Sam Wanuch

About Me

I have been programming ever since I realized programming was a thing you could do. By the time I got into university, computer science was my passion; to the point that I considered working on my university computer science assignments to be my relaxation time. I graduated from the University of Waterloo with a Bachelor's degree in Computer Science, and a minor in Combinatorics and Optimization. Now I solve problems, mostly using programming, preferably involving optimization.

From watching computer science conference presentations in my free time to timing parts of my daily routine to see where I can save time; I'm always looking to challenge and improve myself both in computer science and my overall life. Several of these projects are a direct result of this. I wanted to improve my knowledge of low-level programming, so I designed a computer.

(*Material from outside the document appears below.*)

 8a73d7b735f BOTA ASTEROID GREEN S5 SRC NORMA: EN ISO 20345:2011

I had an assignment to make a game, so I made a game engine and two games on top of it. I had to create a raytracer, so I challenged myself to make it fast enough to run in real-time.

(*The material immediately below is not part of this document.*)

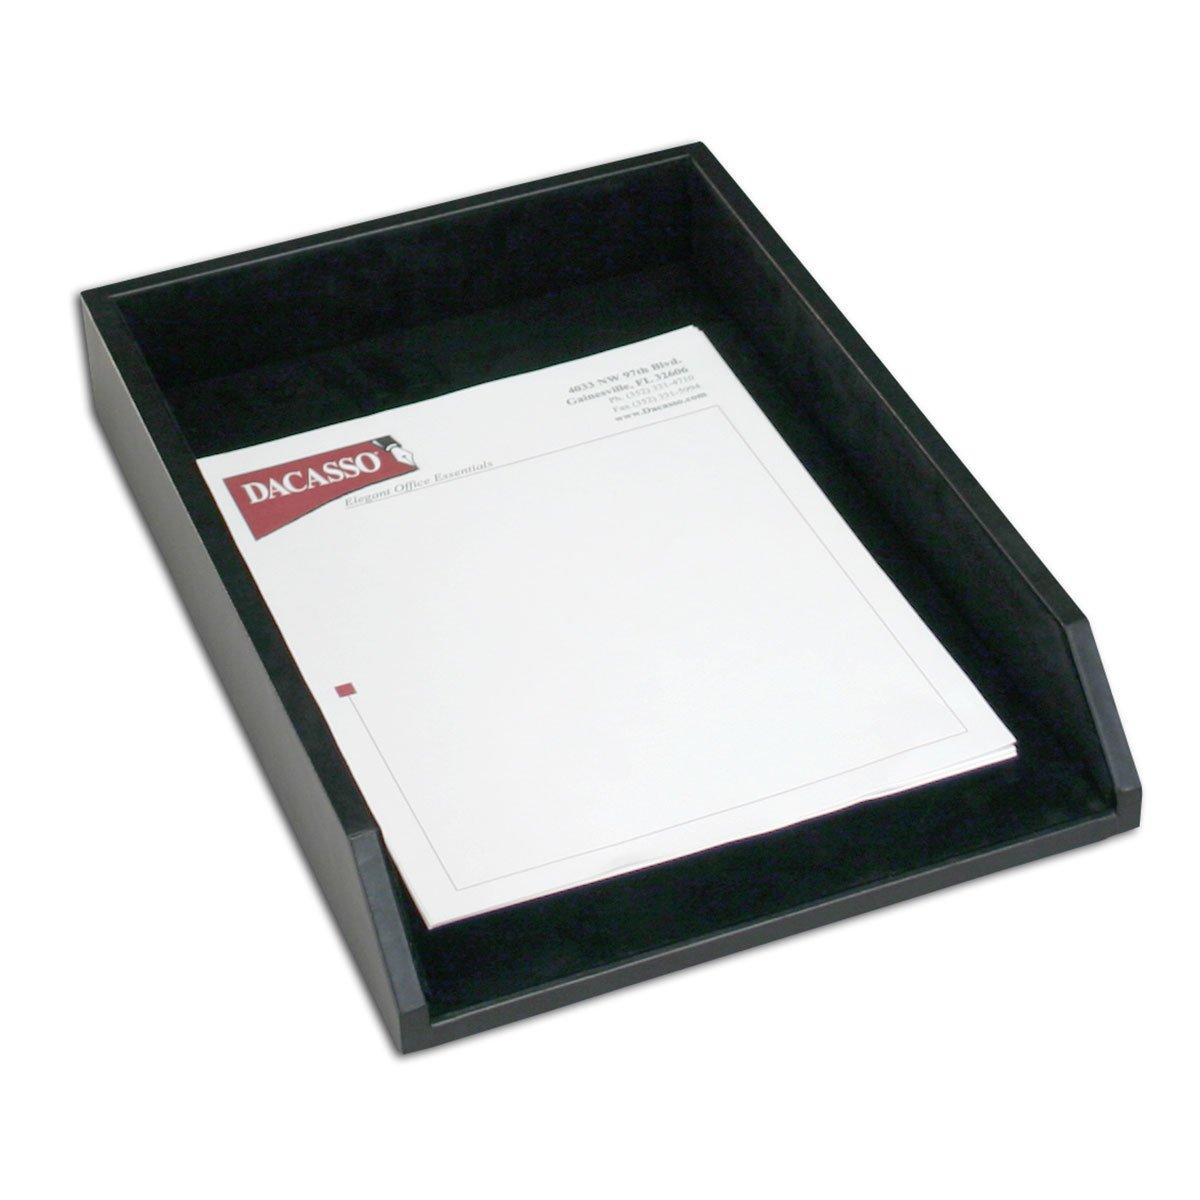 Dacasso Leather Desk Set, 8-Piece, Black by Dacasso (Image #3)

My major hobbies include programming, learning about programming, self improvement, and reading.

Optimization Reports

A report on how to load and represent XML using less peak memory than the size of the file with minimal overhead. Alternatively, an example of how to reduce memory usage by a factor of 10:
Design Decisions for Efficient Extensible Markup Language Parsing

A report on how to take a data processing tool from "leave running overnight and it might run out of memory on the 64gb servers" to "your laptop will be done before you get back with your coffee": Reading, Writing, and (R)Optimizations

Computering

This page

Sort of a beginner's guide to thinking like a computer. Sort of a beginner's guide to Java. Sort of a beginner's guide to profiting with infinite friends.

Real-time Raytracer

In the winter of 2018, I took the Introduction to Computer Graphics course at the University of Waterloo (CS 488). Among other things this course requires students to create their own raytracer given only the code to build a scene in Lua. Apart from standard raytracer features, I optimized the performance enough to enable real-time raytracing.

More

I focused on making my raytracer as fast as possible. The final result was that it was able to render a 200x200 scene with basic geometry and less basic cow meshes at 30 FPS while allowing a user to move the camera around the scene.

The raytracer was built on top of multi-threaded task tree execution system I designed. It allowed for each task to create child tasks which must be finished before it is considered done, and queue up tasks to be run after the task is finished. For the raytracer, this was used for tasks like collecting the colour information from reflected rays in child tasks before a final task combines their information into a final colour.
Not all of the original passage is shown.